29. As already discussed earlier the lower Court has not properly considered the facts and circumstances of the case. It has failed even to refer to the earlier Order passed by this Court which was confirmed by the Hon'ble Supreme Court which set aside the Trial Court's Order and directed the parties to proceed with the arbitration. It has further failed to consider the conduct of the first respondent who was always looking for an opportunity to see that the arbitration proceedings do not begin. Further no material is produced to show that the first respondent will suffer irreparable injury. Merely travelling to London to attend the arbitration proceedings cannot be said to be irreparable injury. The parties have agreed to hold the arbitration proceedings at London and therefore they knew that going to London will cost them substantial expenses and therefore money towards expenses to attend the arbitration proceedings cannot be said to be irreparable injury to the first respondent.

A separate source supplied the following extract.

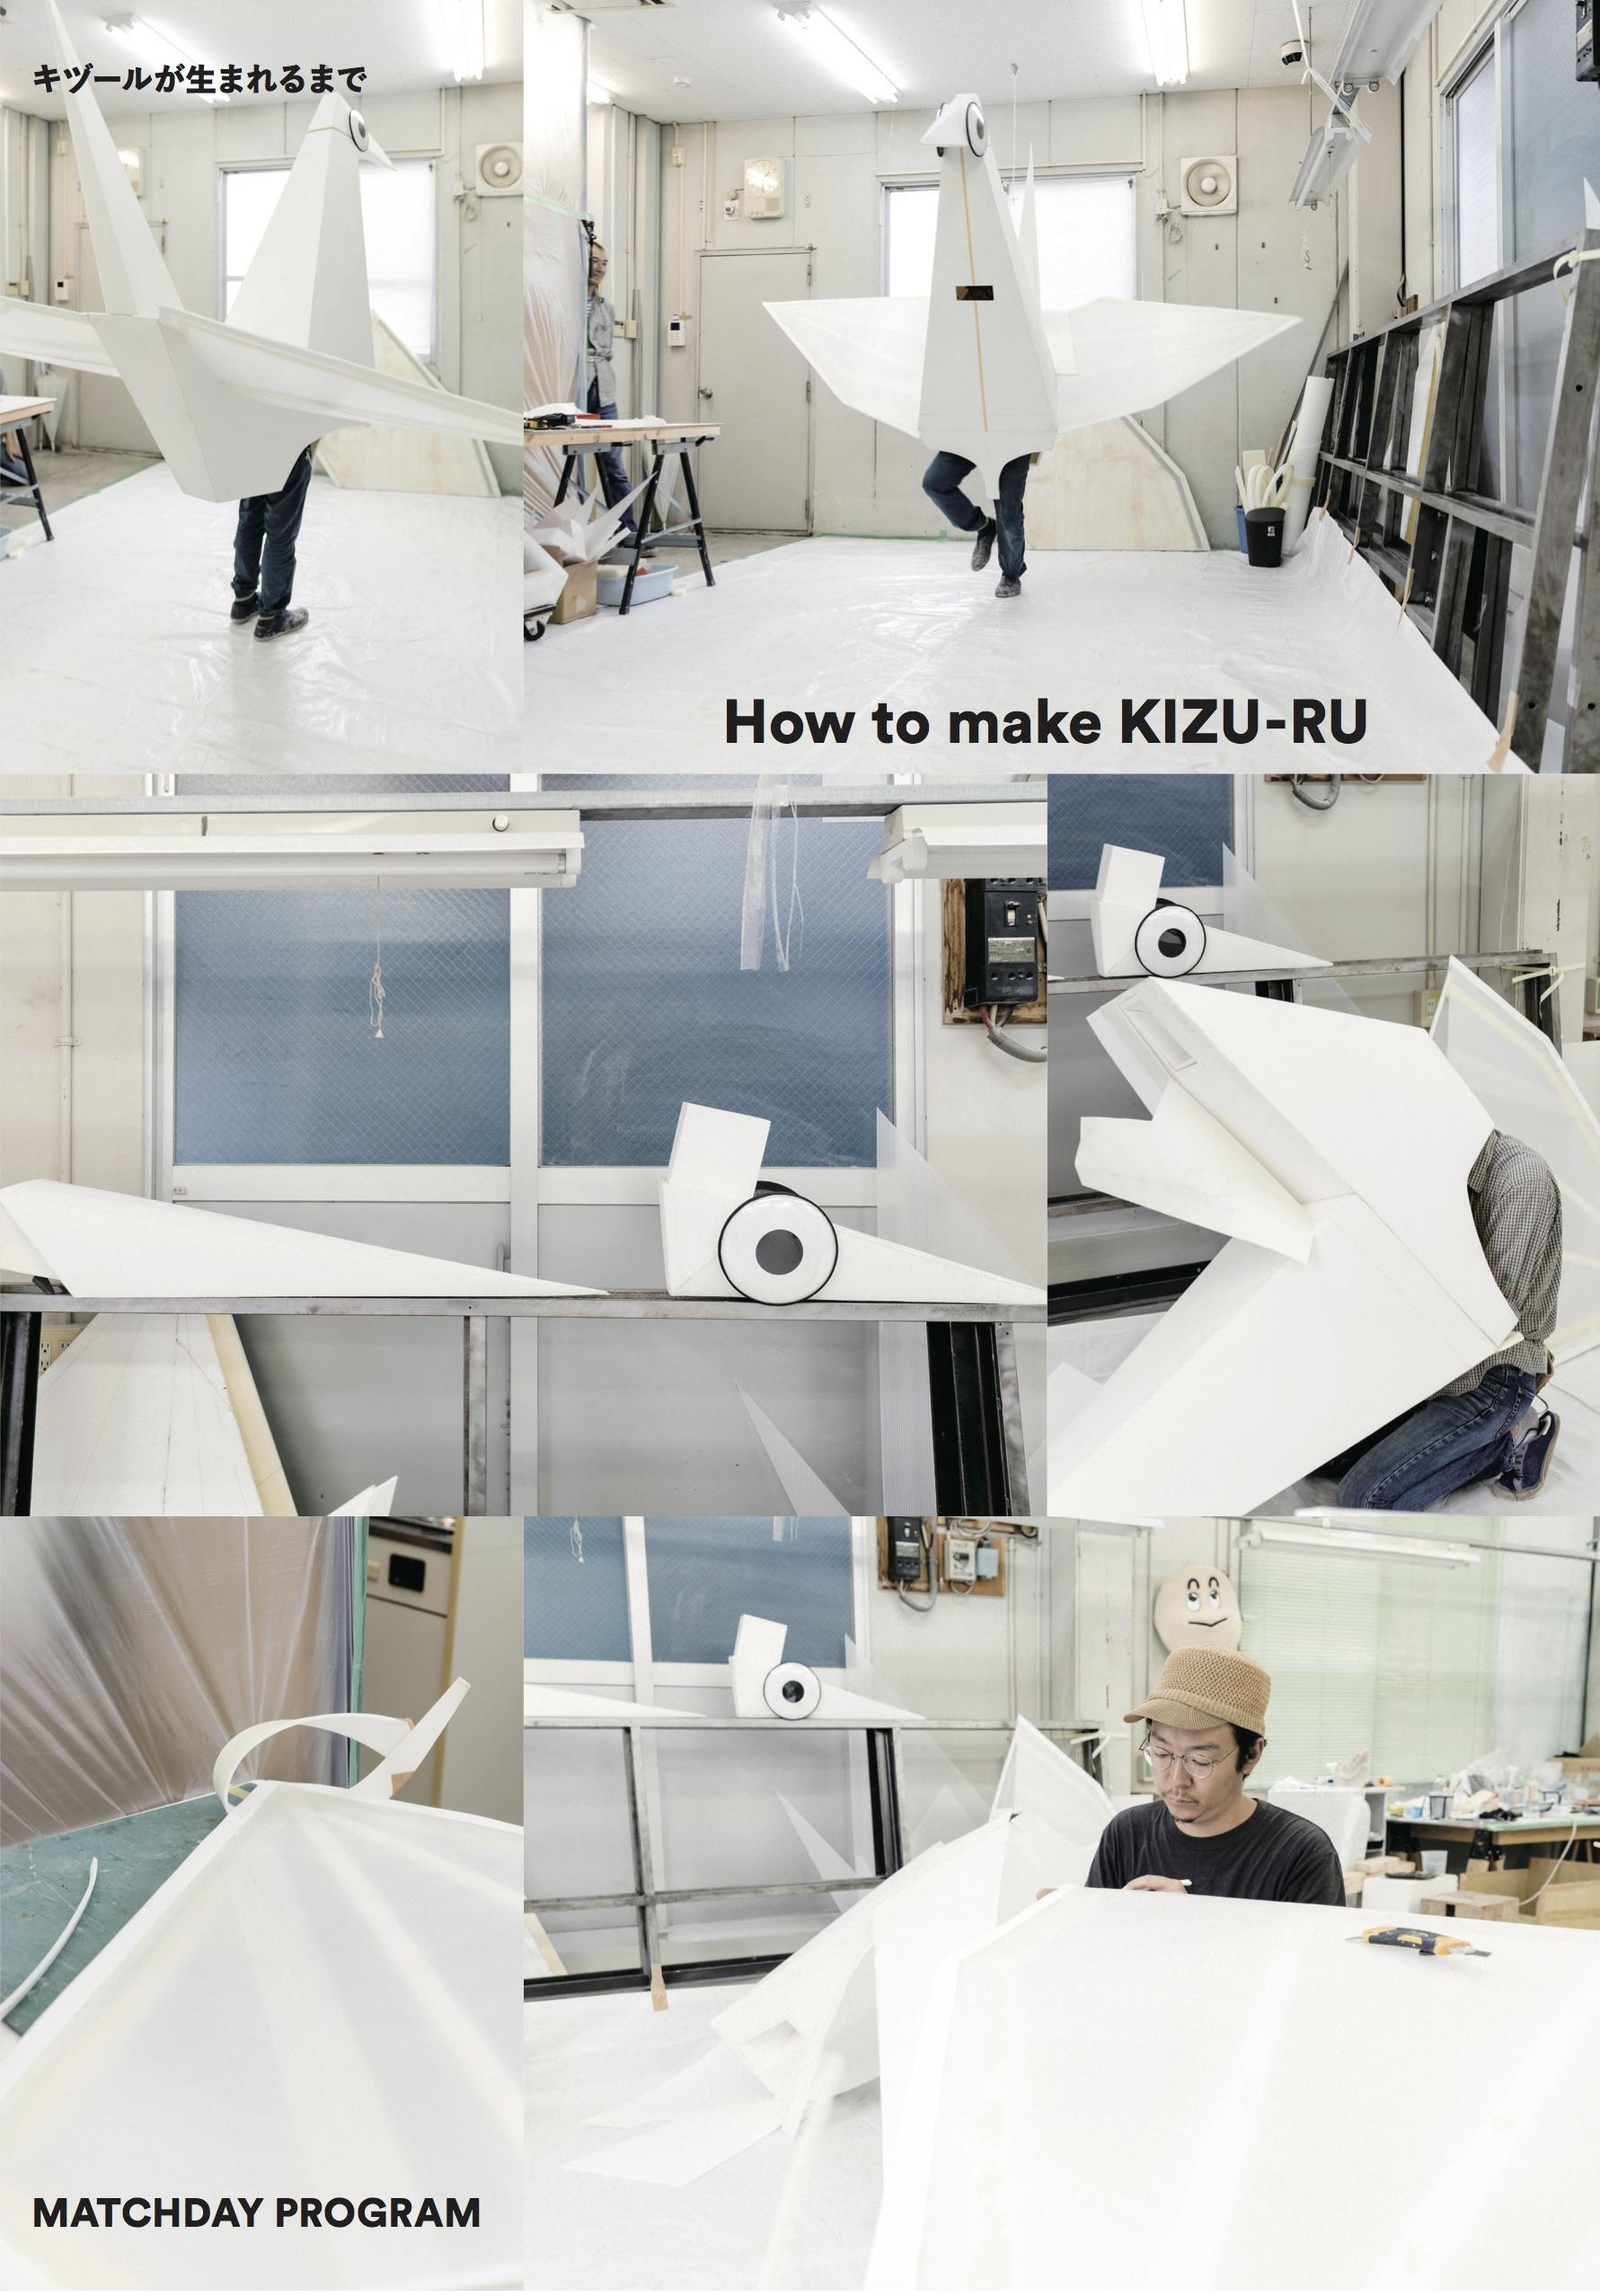 How to make KIZU-RU

30. Thus after considering all the facts and circumstances of the case, we are of the view that an Order restraining a party from proceeding with the arbitration while challenging a partial award cannot be said to be an interim measure as contemplated under Section 9 of the Act. We are the view that the lower Court has failed to consider the different facts and circumstances of the case. It has ignored the previous proceedings initiated by the first respondent seeking similar reliefs and the relief given by the lower Court which was ultimately set aside by this Court and upheld by the Hon'ble Supreme Court. The lower Court has thus not taken into consideration the conduct of the first respondent who has been trying to see that the arbitration proceedings does not proceed. The reasoning given by the lower Court to grant stay of the Arbitral proceedings which is only the remedies hearing and any Order passed in the proceeding could as well be challenged before the lower Court and it will be a part of the award and the Order given in such a remedies herein will be the final Order and thereafter the first respondent could take all the grounds available to him before the lower Court either under Section 34 or 48 of the Act if execution is filed. We are of the view that the reasonings given by the lower Court is not only arbitrary but capricious and perverse and ignoring the settled principle of law regulating grant or refusal of an Order under Section 9 of the Act. The impugned Order therefore, cannot be sustained and it is accordingly, set aside. The application filed by the respondent 1 seeking stay of the arbitration proceedings and the prayer to restrain the appellant from appearing before the Arbitral Tribunal at London is rejected. The appeal is accordingly, allowed with costs of Rs. 10,000/-.